• _WHAT TO DO_: Without the pictures, repeat all of the data exactly as it appears below.

• _DATA SEGMENT_:
-----

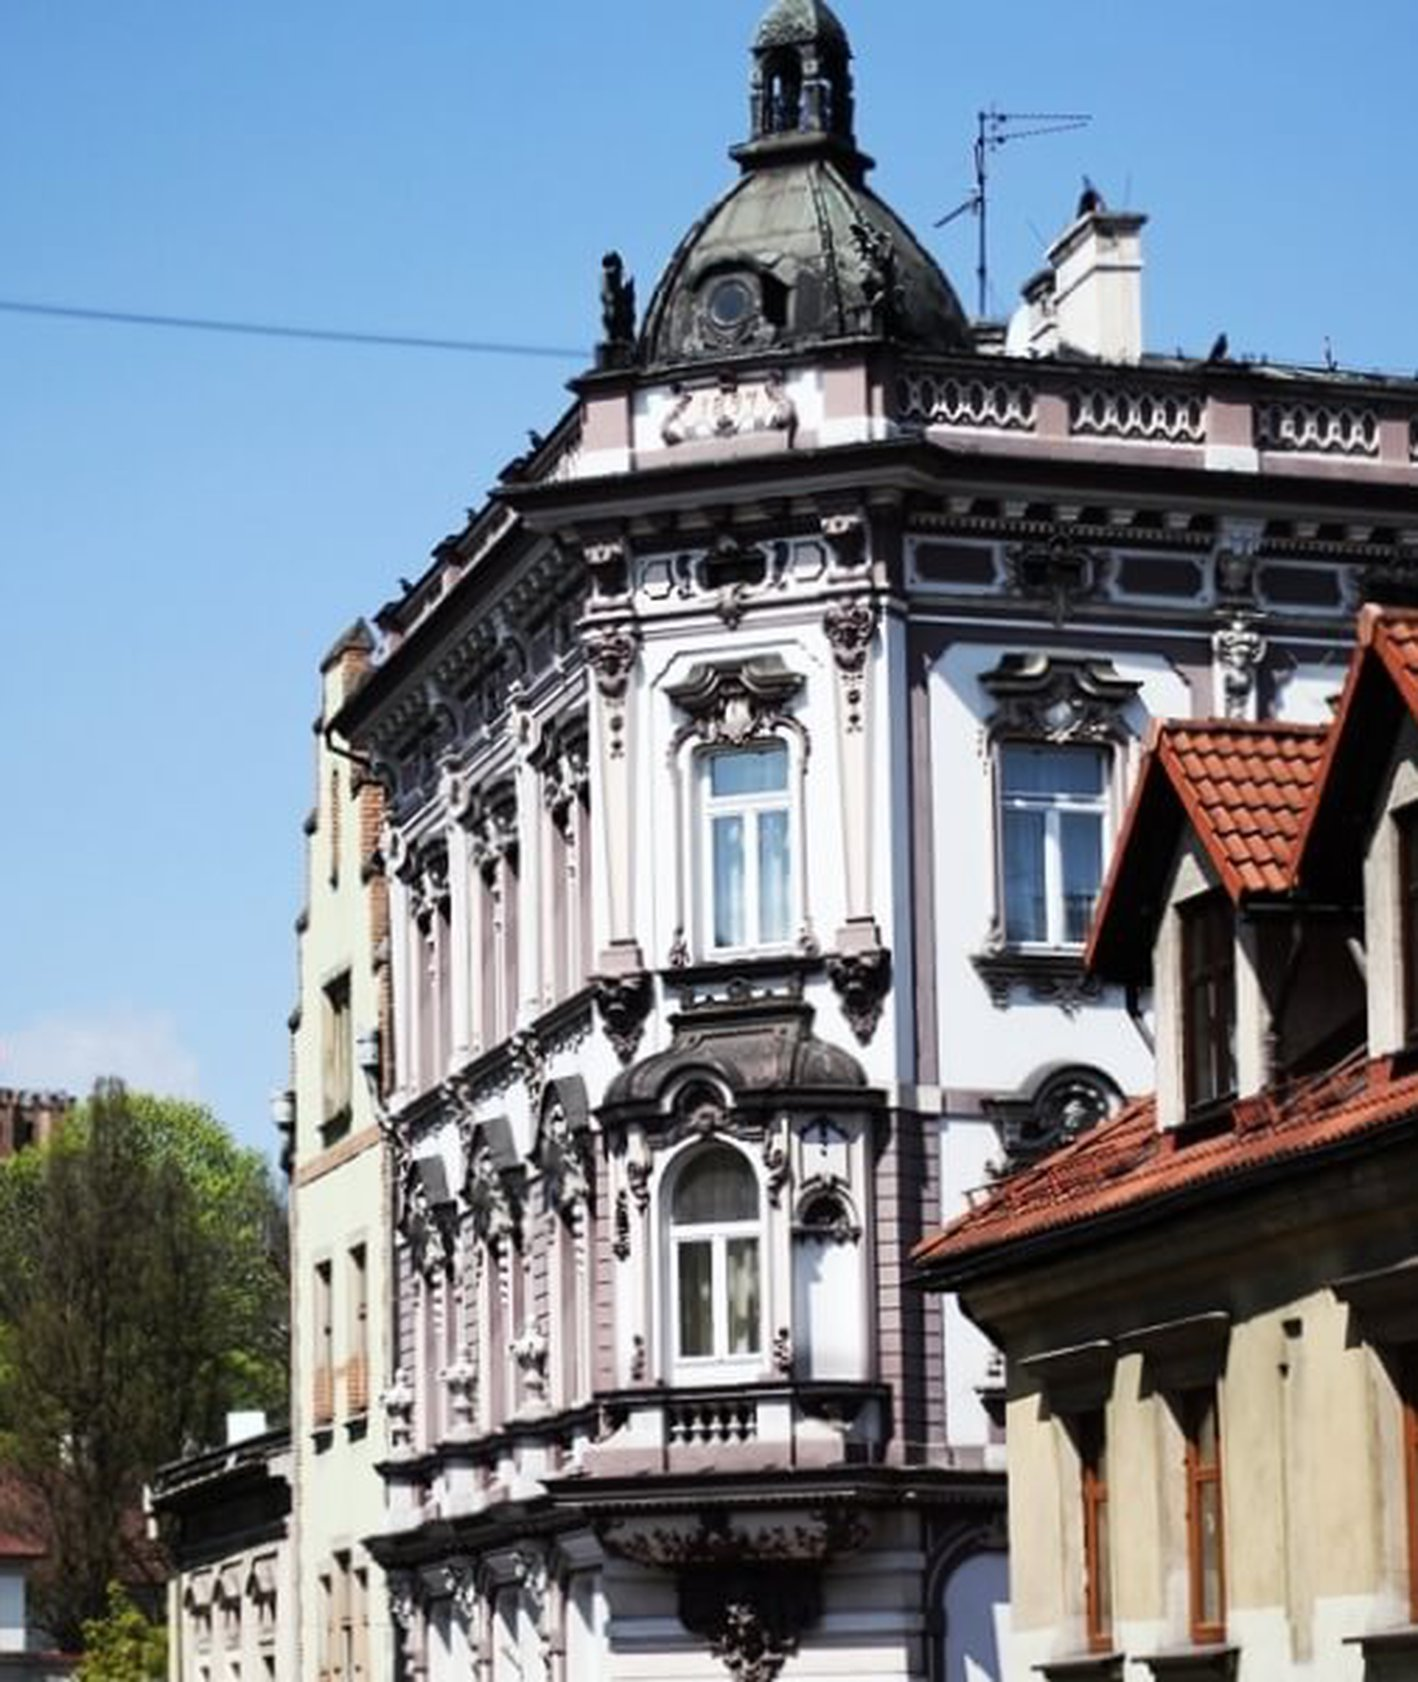 Cieszyn, co zjeść w cieszynie, przewodnik kulinarny cieszyn, jedzenie w Cieszynie, kuchnia polska, gdzie na kawę w Cieszynie, przewodnik kukbuk
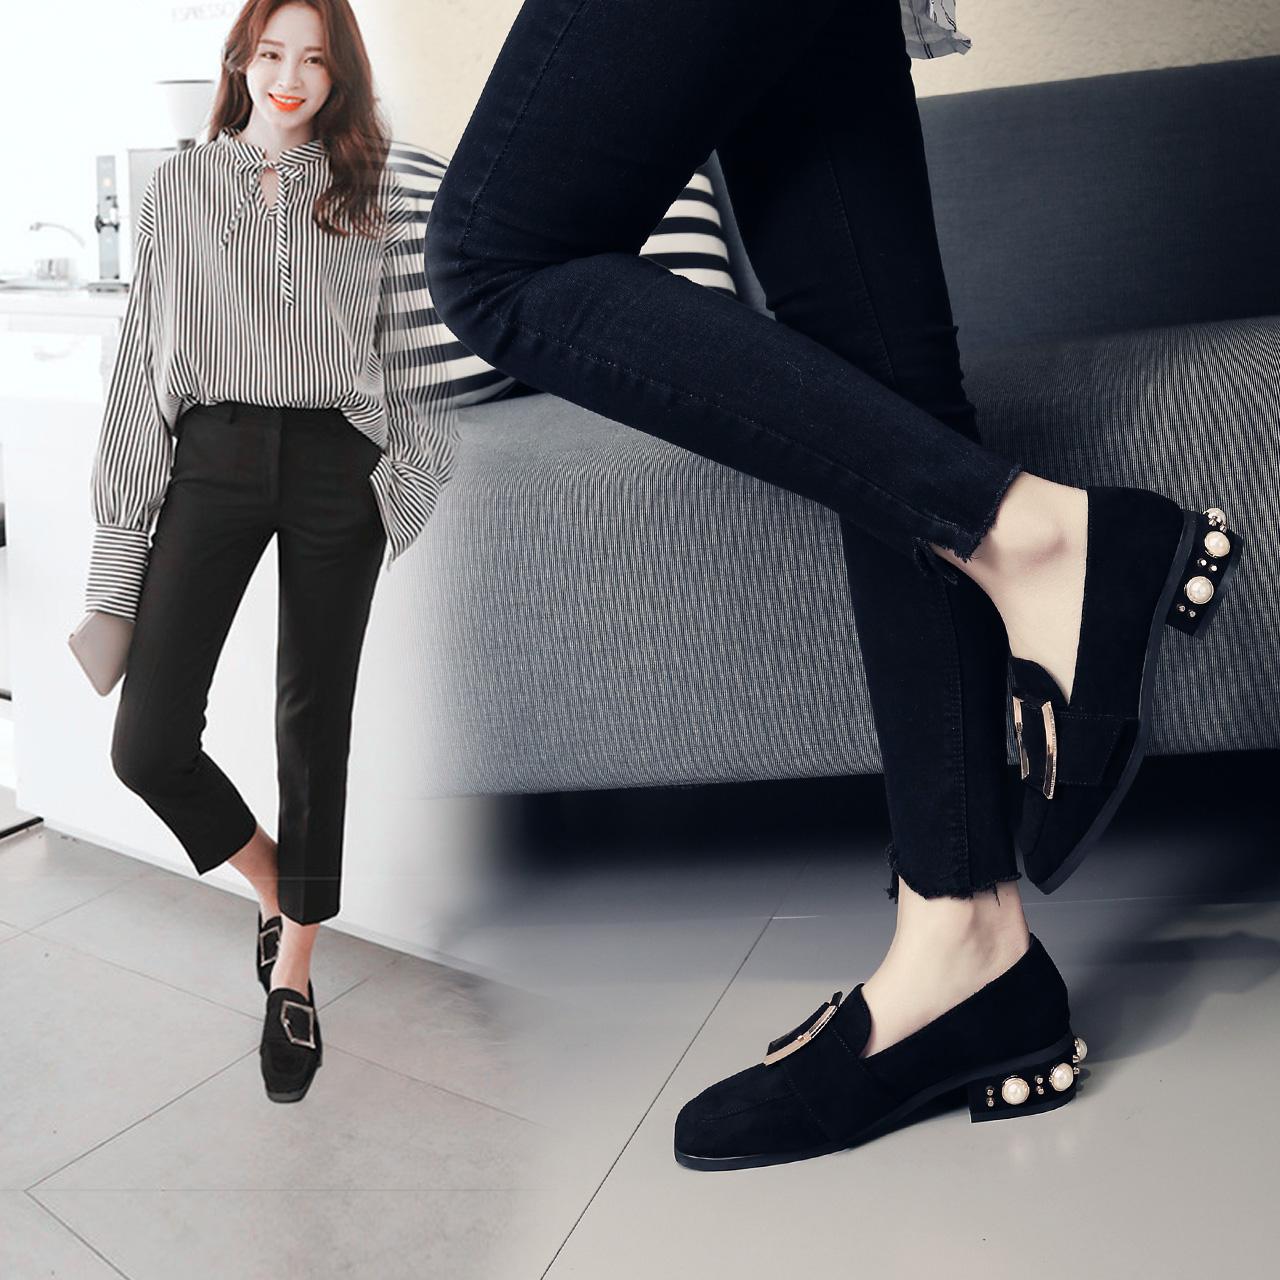 单鞋 2018春季新款单鞋女韩版方头金属扣珍珠跟百搭舒适粗跟女鞋_推荐淘宝好看的女单鞋
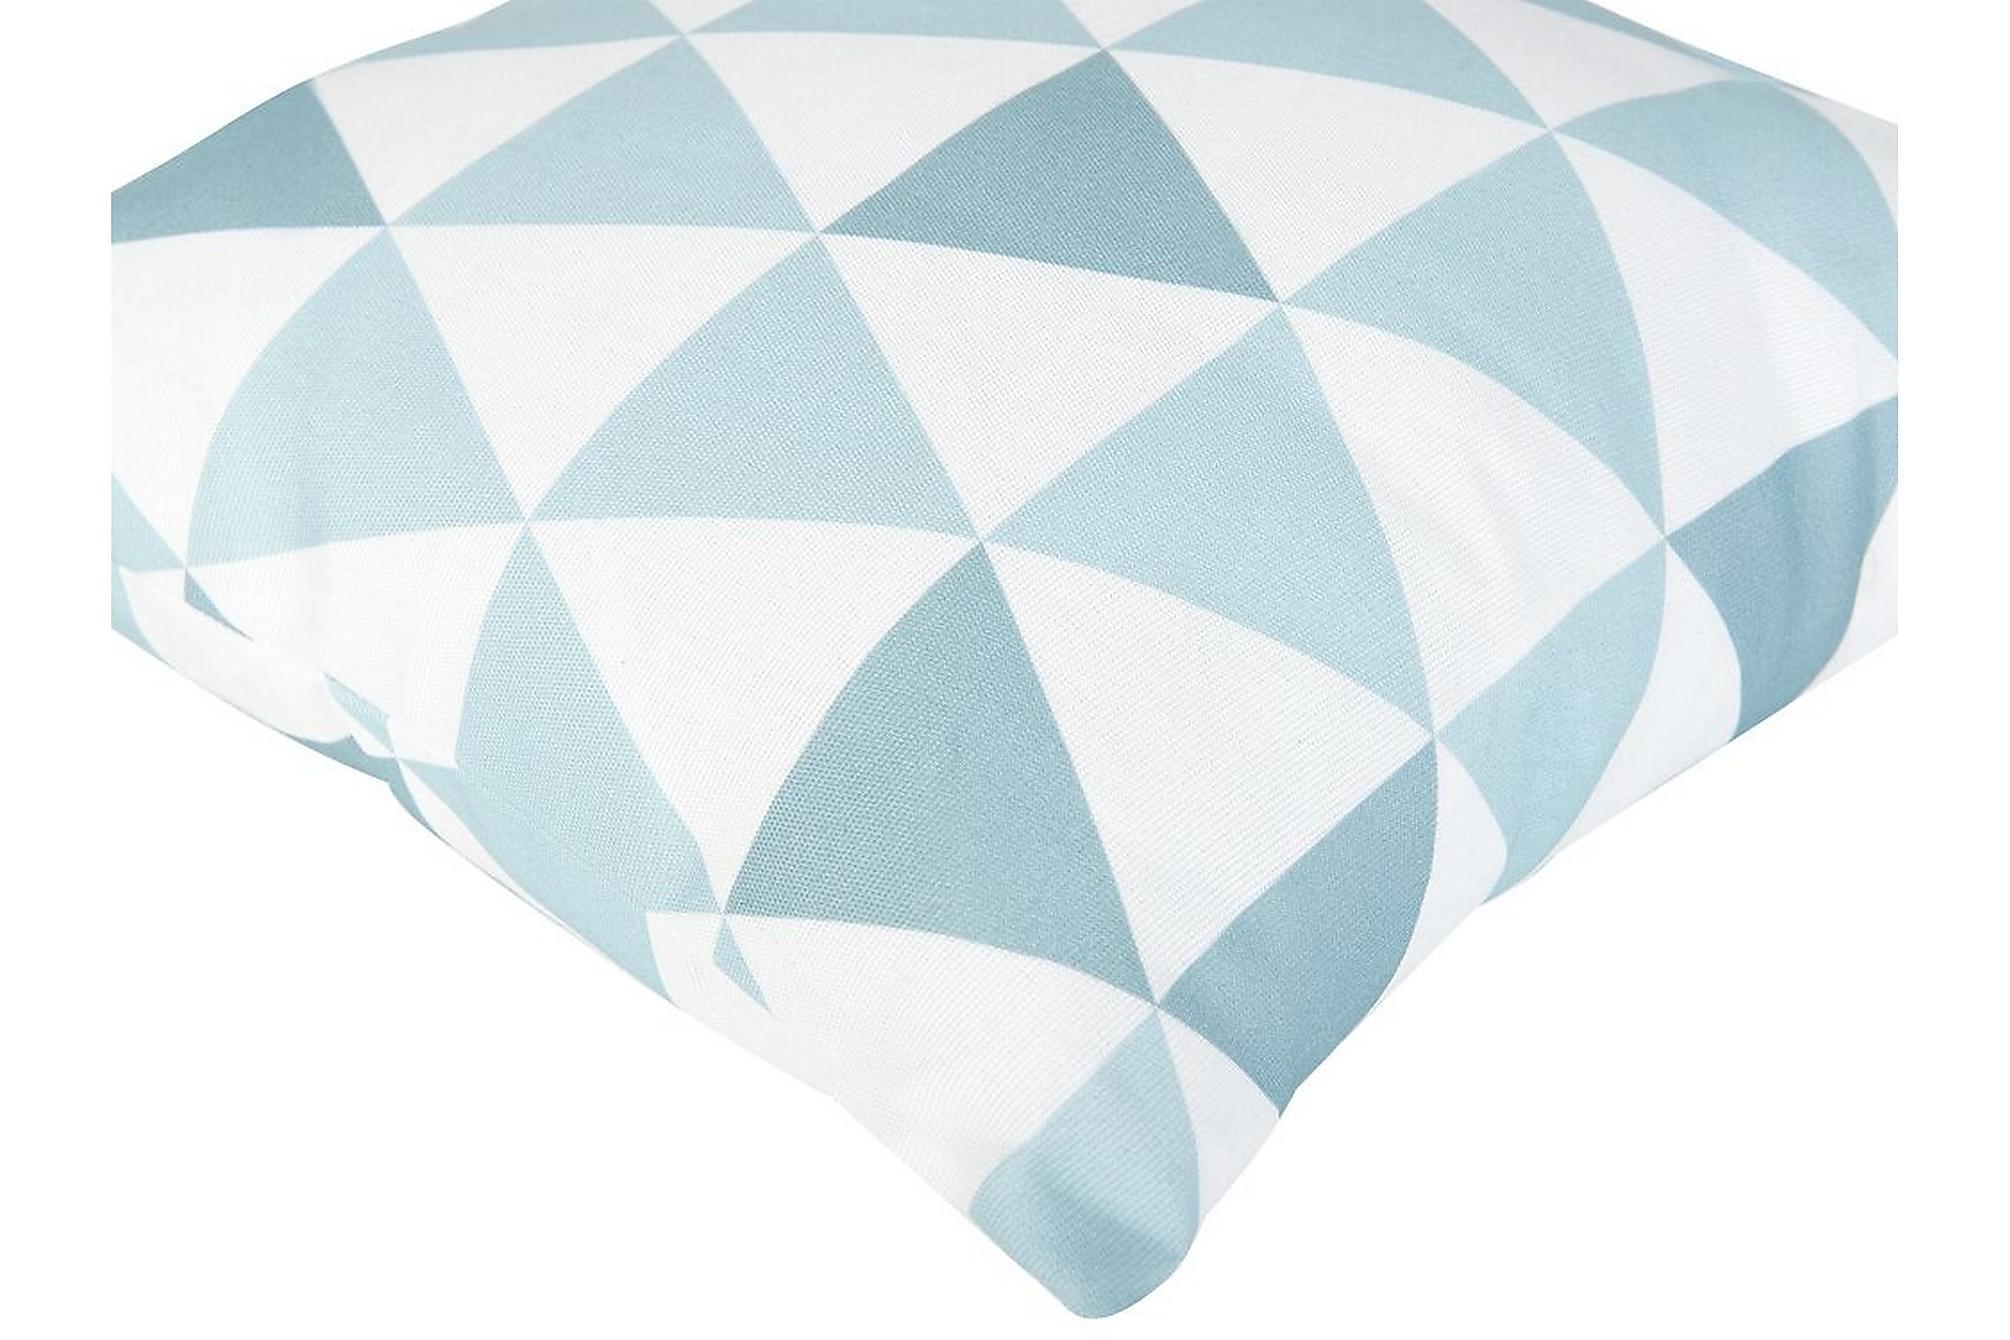 ACHINGILLS Trädgårdskudde Trianglar 40x40 cm Blå, Övriga dynor

-----

• _ANSWER BOX_:
 Cieszyn, co zjeść w cieszynie, przewodnik kulinarny cieszyn, jedzenie w Cieszynie, kuchnia polska, gdzie na kawę w Cieszynie, przewodnik kukbuk
 单鞋 2018春季新款单鞋女韩版方头金属扣珍珠跟百搭舒适粗跟女鞋_推荐淘宝好看的女单鞋
 ACHINGILLS Trädgårdskudde Trianglar 40x40 cm Blå, Övriga dynor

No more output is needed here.